** Supplied data follows **
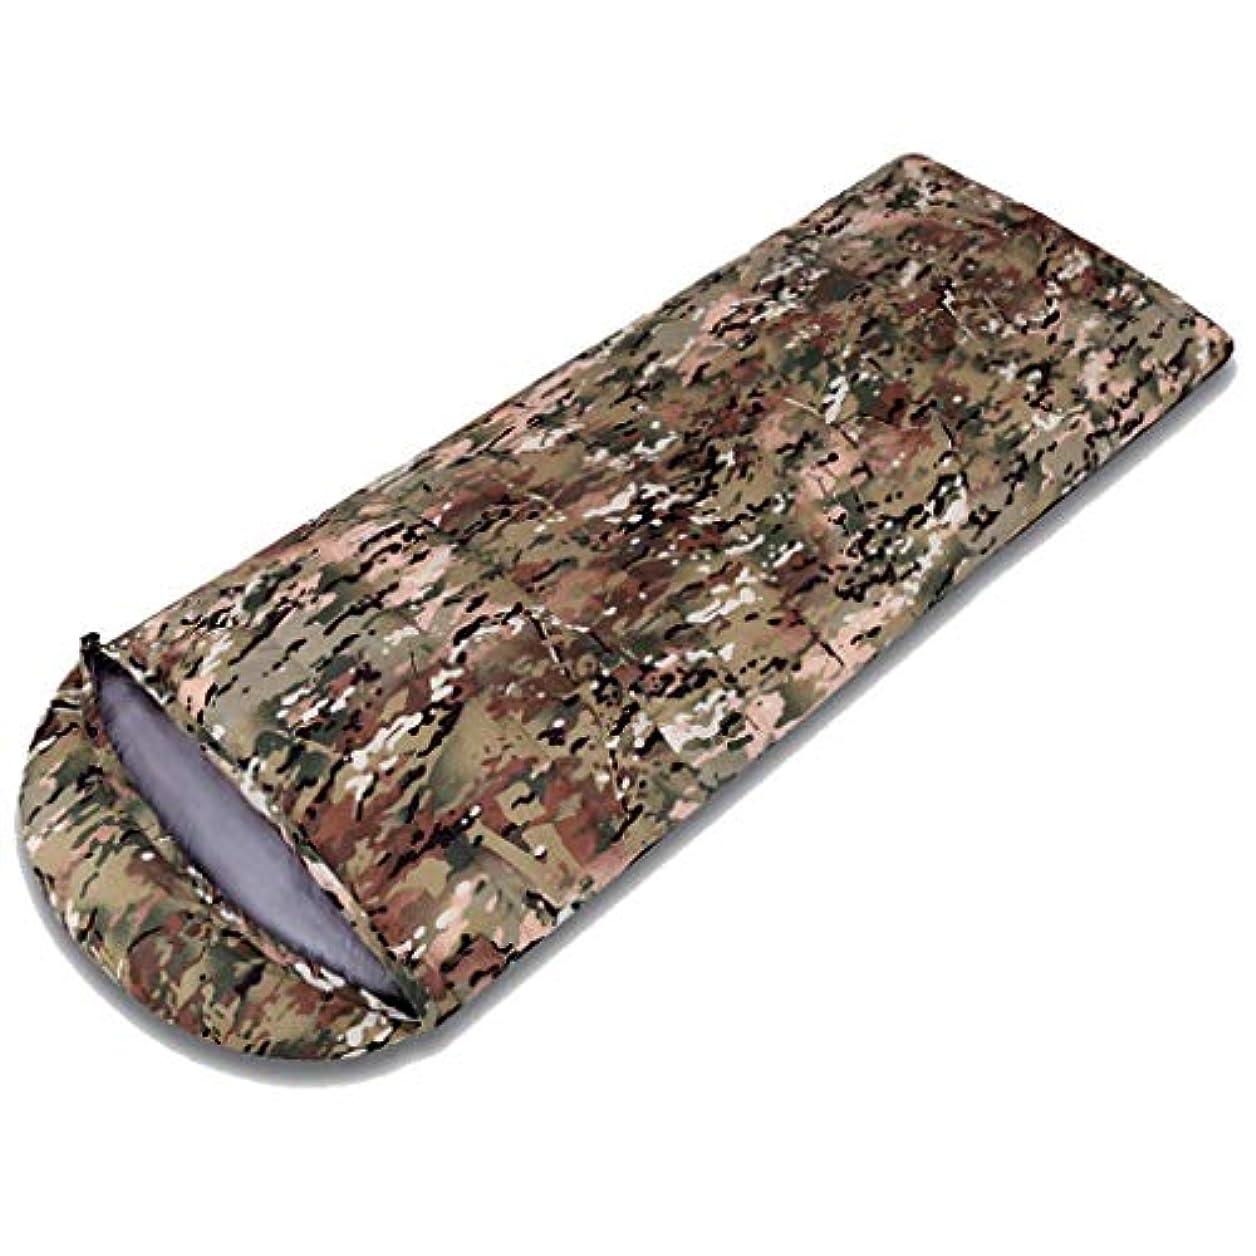 浮く治安判事ピーブ携帯用超軽い寝袋の防水封筒は屋外の屋内のためのキャンプの下で鴨します
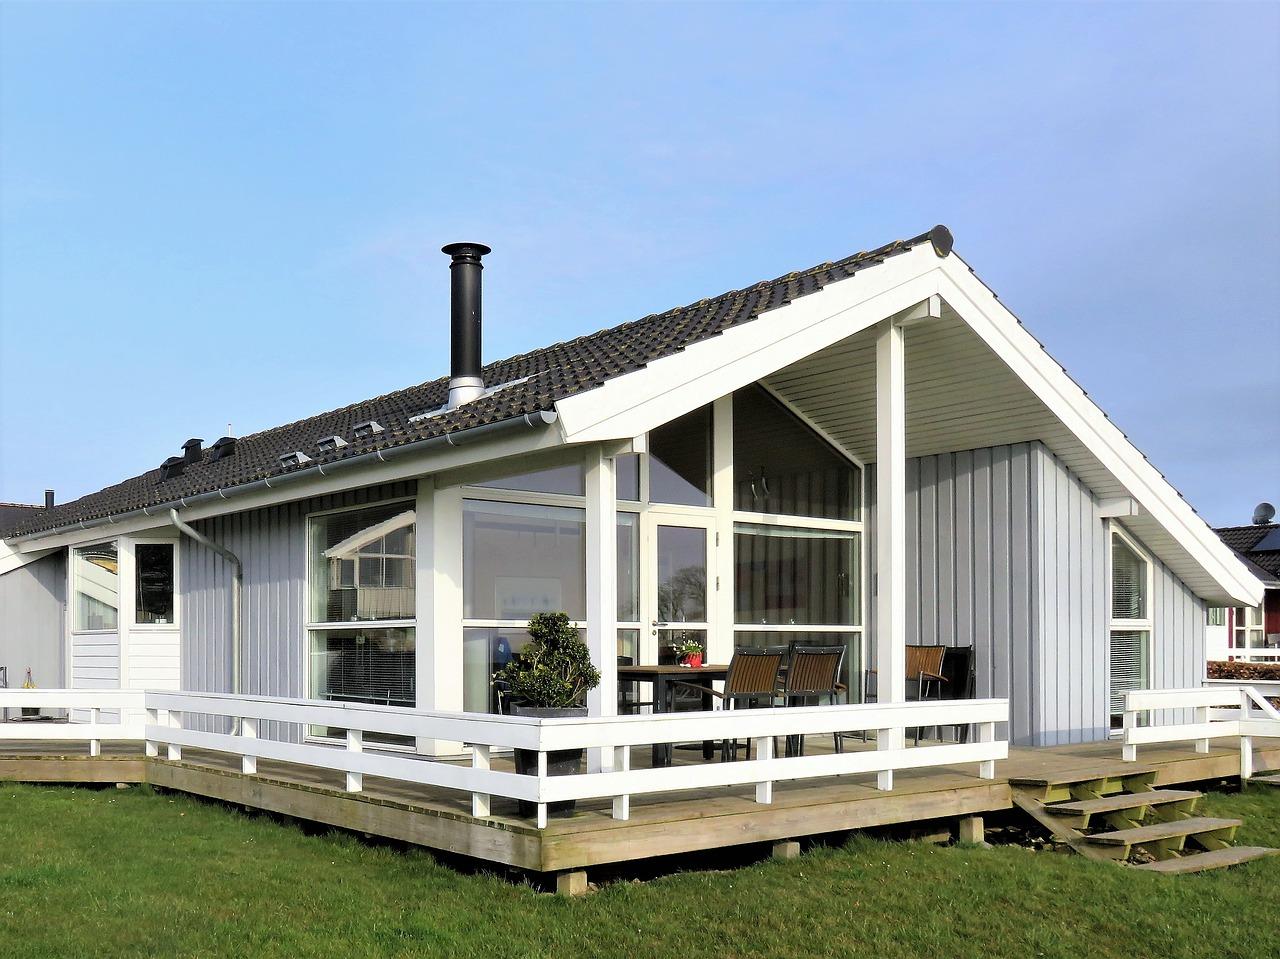 Dom szkieletowy skandynawski - dom w cenie mieszkania
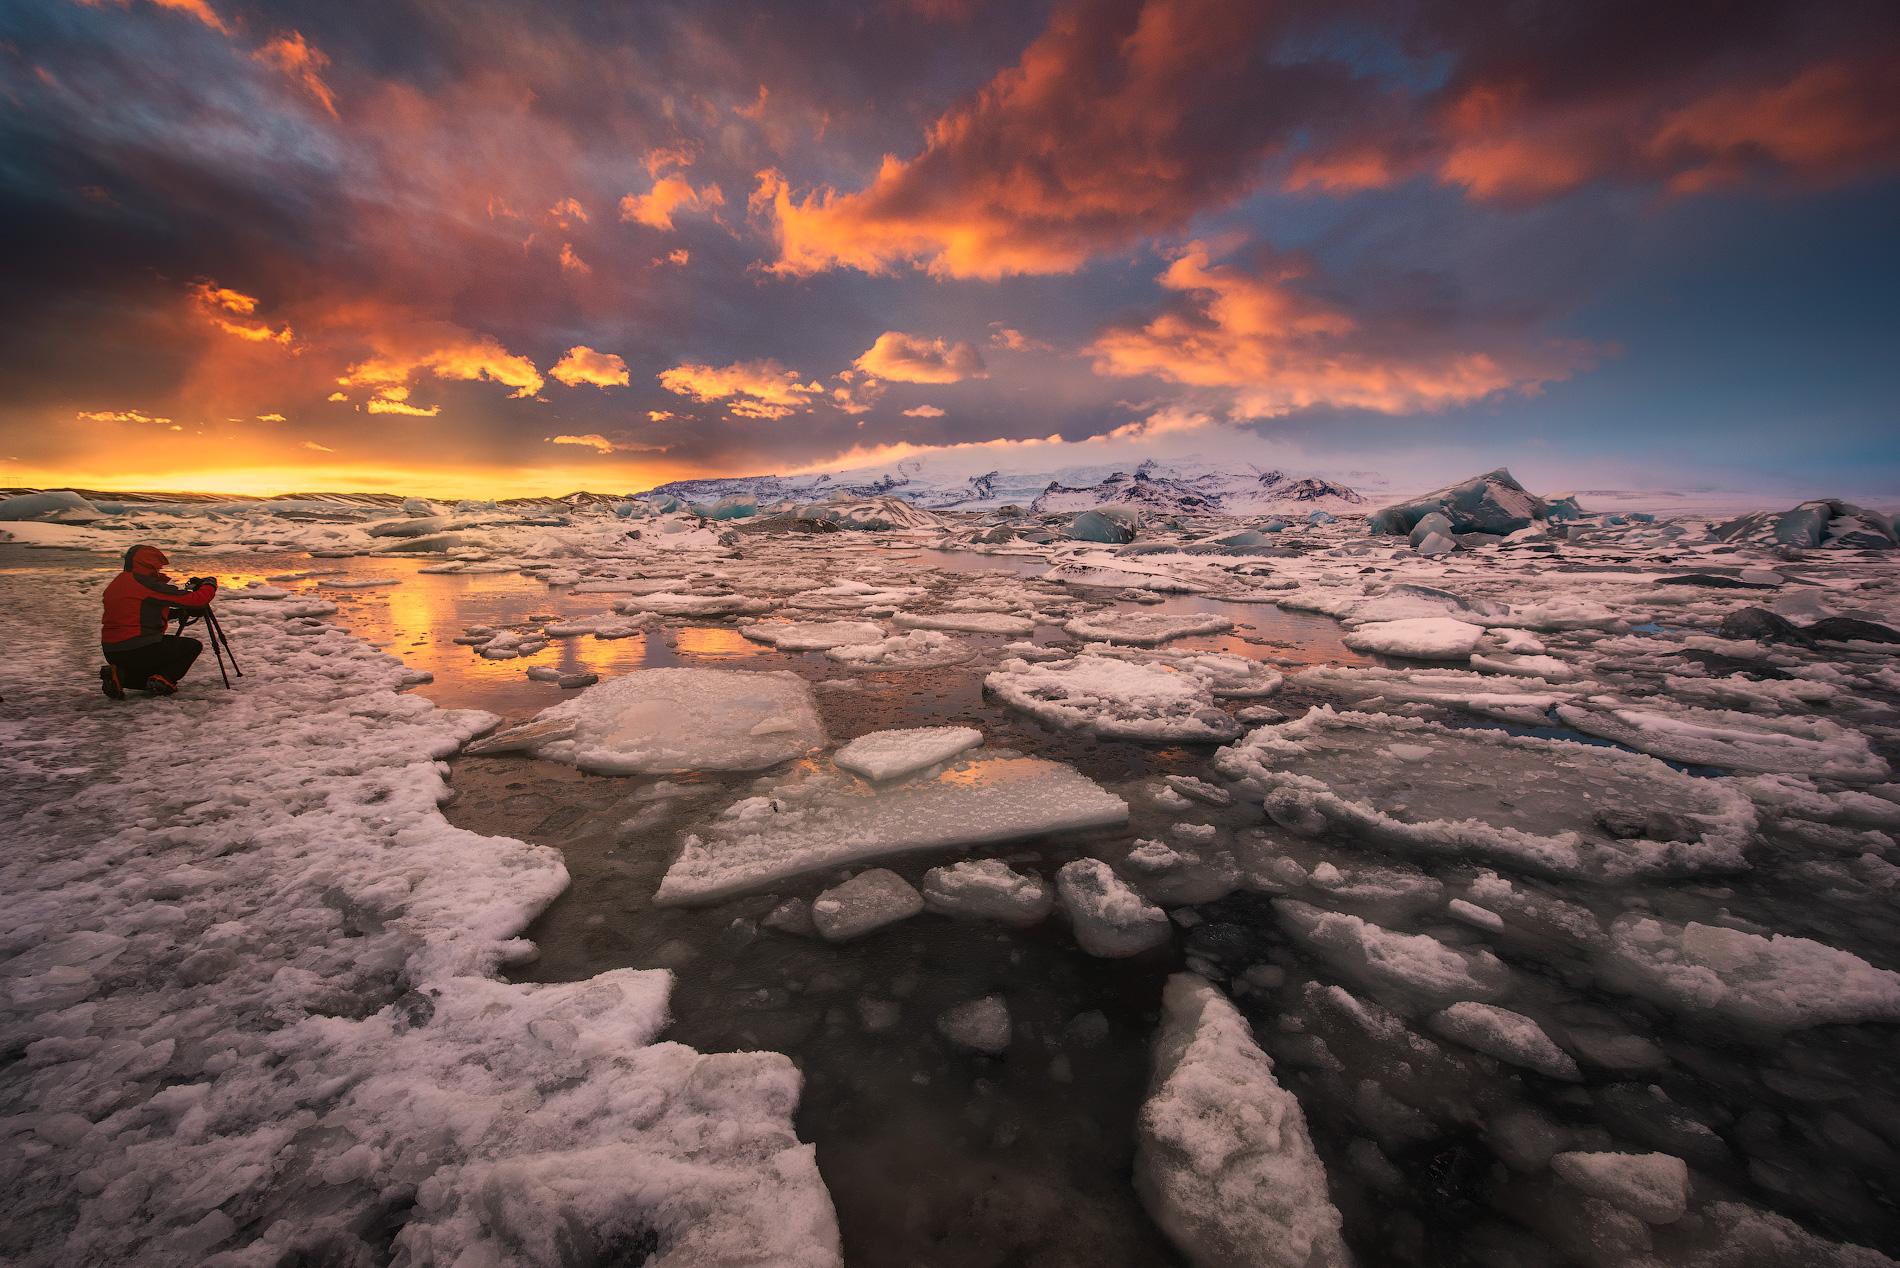 L'heure d'or, le moment idéal pour prendre des photos dans le lagon glacier de Jökulsárlón.
** End of Supplied data **
Every line above should be retyped exactly; the pictures do not belong in the copy.

 浮く治安判事ピーブ携帯用超軽い寝袋の防水封筒は屋外の屋内のためのキャンプの下で鴨します
 Dom szkieletowy skandynawski - dom w cenie mieszkania
 L'heure d'or, le moment idéal pour prendre des photos dans le lagon glacier de Jökulsárlón.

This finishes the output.